Here's an example application: you have pictures of a million faces, and a function that computes distance between pictures. You do some preprocessing. Later, you capture a picture of a face, and you want to find the picture in the database that most closely matches your capture, without explicitly comparing with all million.

You could store the distances between all points as AESA does, but the O(n^2) cost makes this pretty much prohibitive if you're matching against a few million points.

Date: 2004-04-05 09:30 am (UTC)
From: [identity profile] drdoug.livejournal.com
I was saying you generate the graph from the points by doing the sums, and just take the O(n^2) hit at setup. Adding a single new point to the graph is only O(n). (This does sound a lot like AESA but I'm responding off the cuff here so haven't checked I'm afraid.)

For your million photo example I'm guessing this would still be your best bet if you have enough hardware to throw at it and your distance metric isn't woefully expensive to calculate.

Another option for that example would be to come up with a quick 'candidate match' algorithm - maybe based on a small set of numbers you generate cheaply for each photo individually.
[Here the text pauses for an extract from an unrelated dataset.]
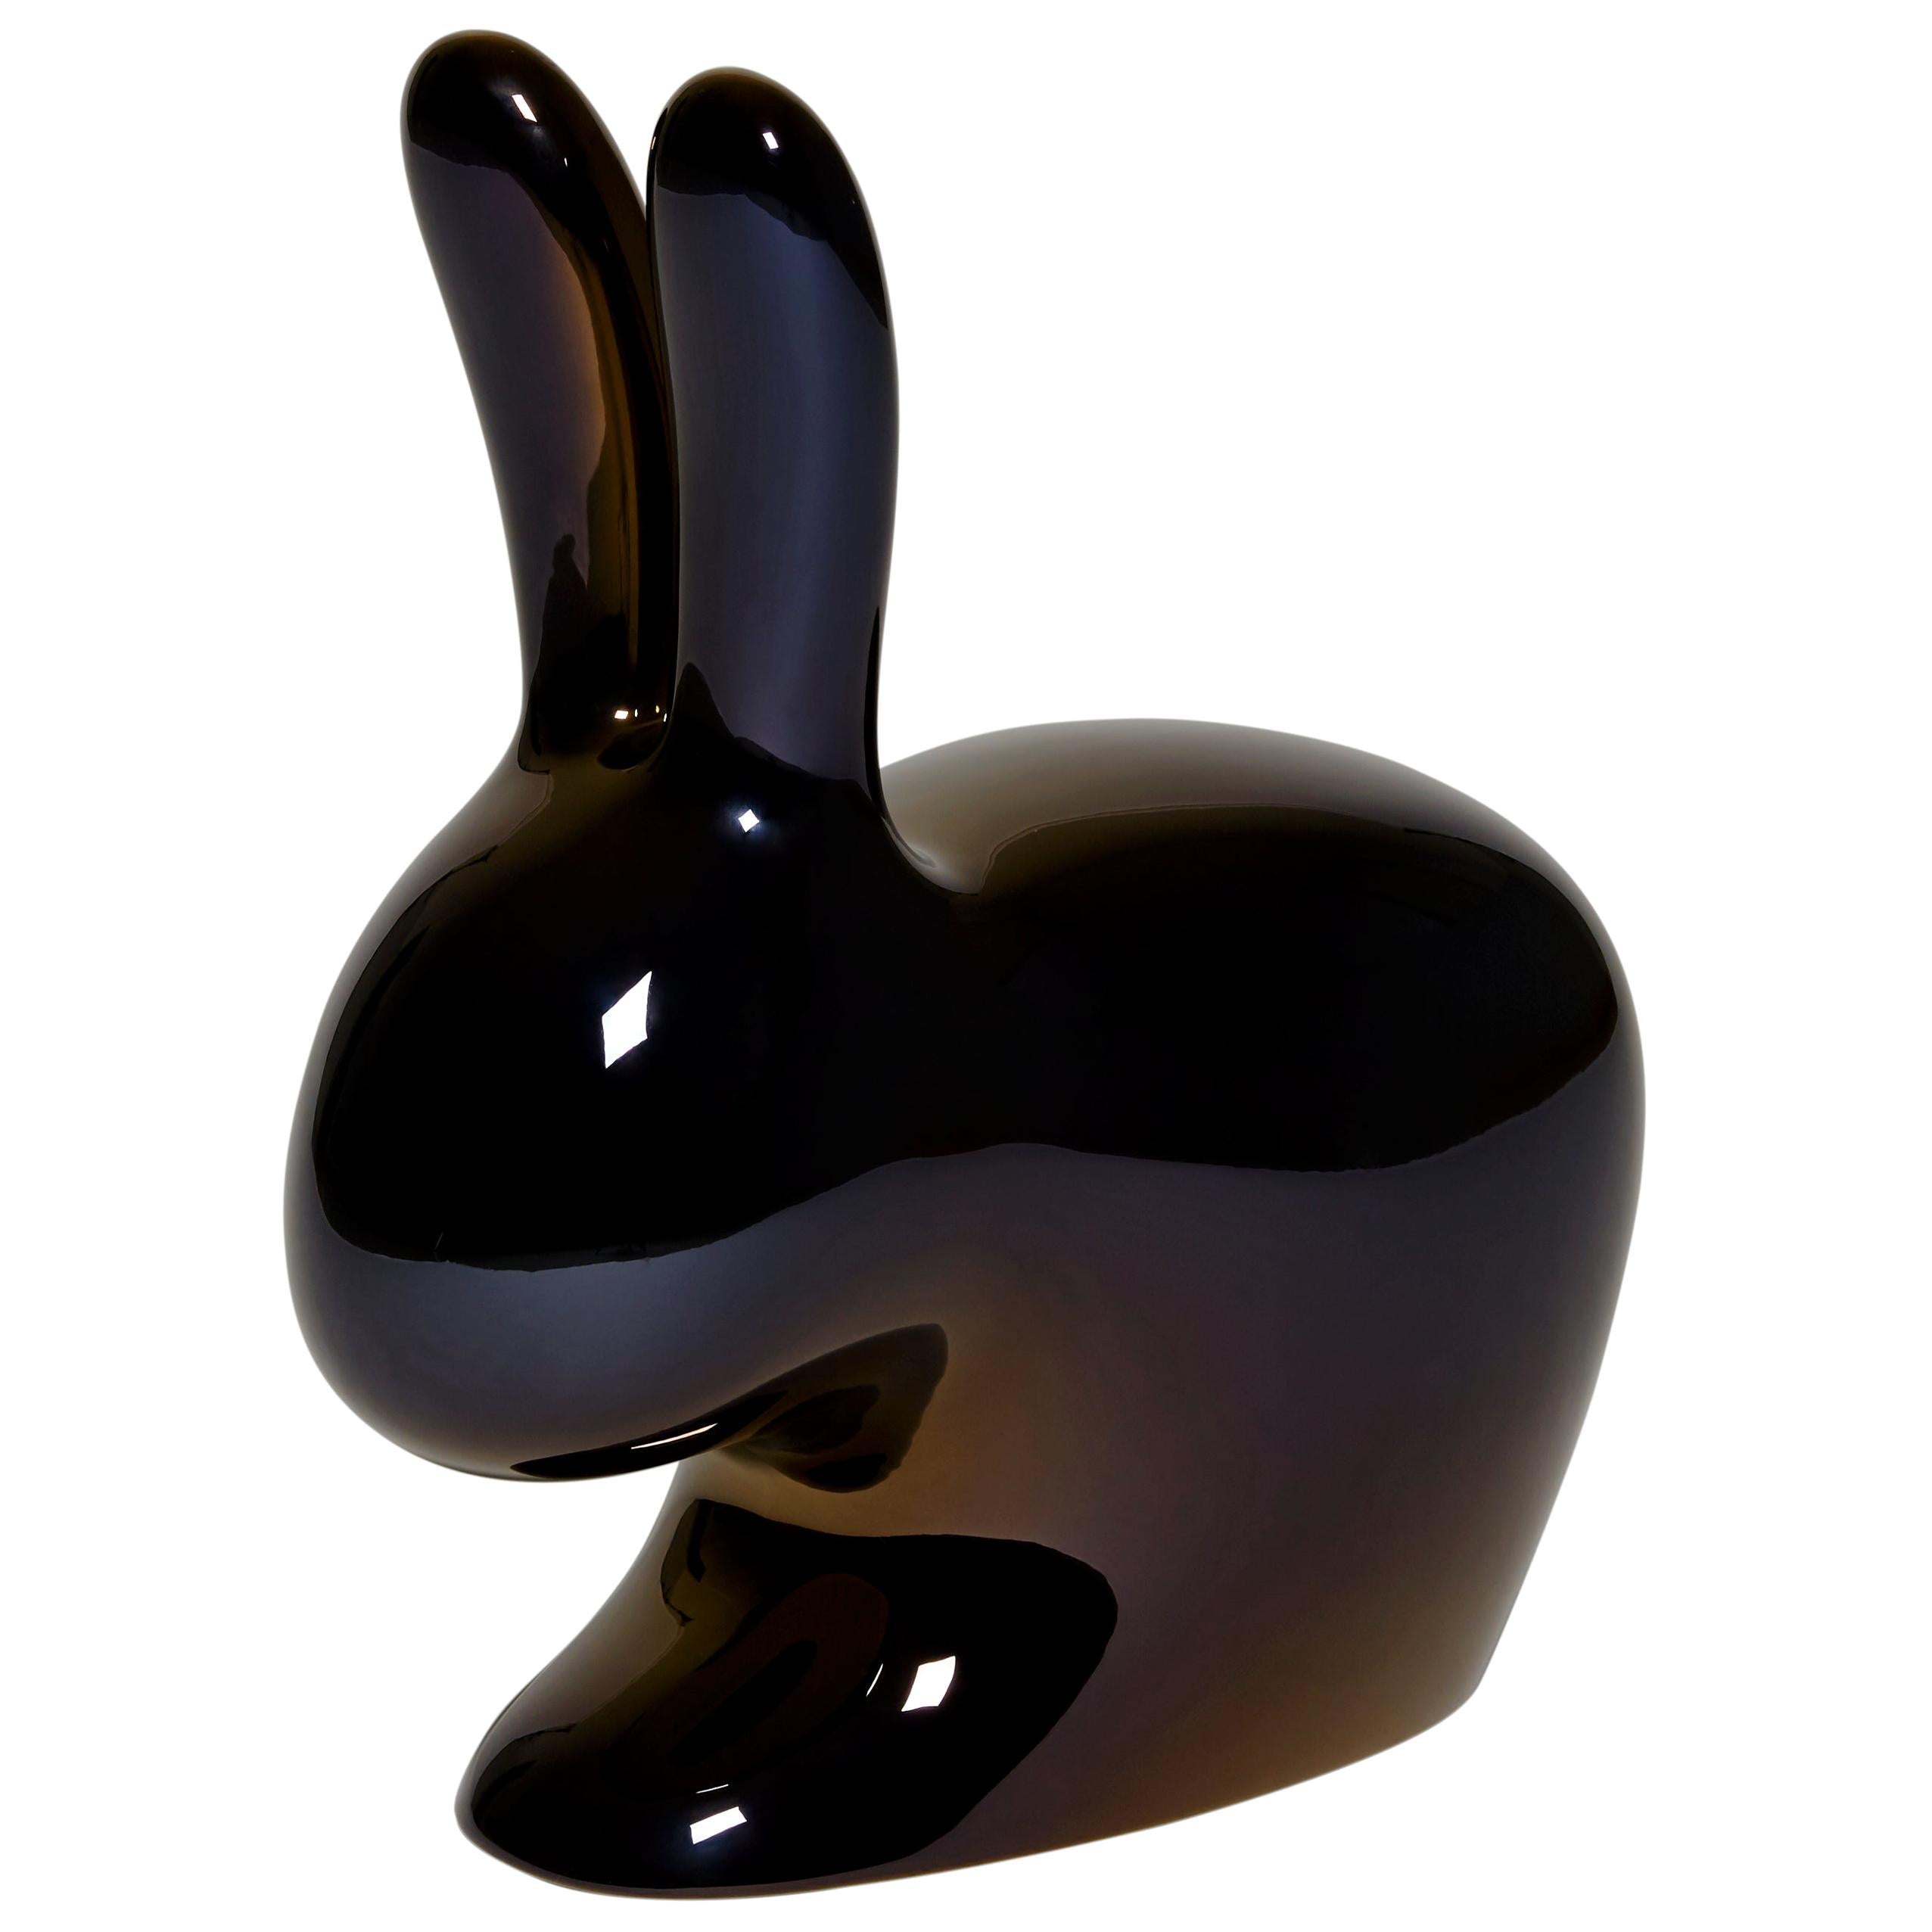 En vente : Black (Black Pearl) Chaise lapin décorative et sculpturale moderne à finition métallique

When you want to match a new photo, you find a largish number of candidate matches using these numbers, and use your expensive picture-picture matching algorithm on the results. (I'd also want to fill in the lines on the graph at that point by storing the distances, but that's still O(n^2) and you'll struggle with six billion photos on any near future kit.) Of course this depends on coming up with some cunning 'candidate match' algorithm that works.

If your requirement is to find the closest matching photo(s), I don't see how you can avoid the O(n^2) hit at some point (and throughout in storage terms), unless there are some strong properties of your match algorithm that don't leap out instantly?

My guess is that the known search algorithms are crap because the problem is bloody hard. It's bad enough doing NP optimisation stuff where evaluating candidate solutions is cheap - if evaluating solutions is hard you're stuffed unless you know something about how your data is structured/tends to cluster.

All of this is dodging the problem as you stated it - solving the metric space search problem elegantly - but that's because my instinct is that if a problem is well known but not well solved I'm unlikely to find a solution myself in polynomial time :-) (This is also probably why you have some distinction as an inventor of algorithms and I have none!)

Date: 2004-04-05 09:40 am (UTC)
From: [identity profile] ciphergoth.livejournal.com
The key property is that it's a metric space, so AB + BC <= AC for all points A, B, C in the set. You can use this to trim your search. How well depends on the properties of your data set...

I think an algorithm something like what you describe is in the survey paper, but I can't remember the name...

Date: 2004-04-05 03:06 pm (UTC)
From: [identity profile] pavlos.livejournal.com
how would you go about convincing yourself that that inequality holds for a particular real-world application, like the face matching for example?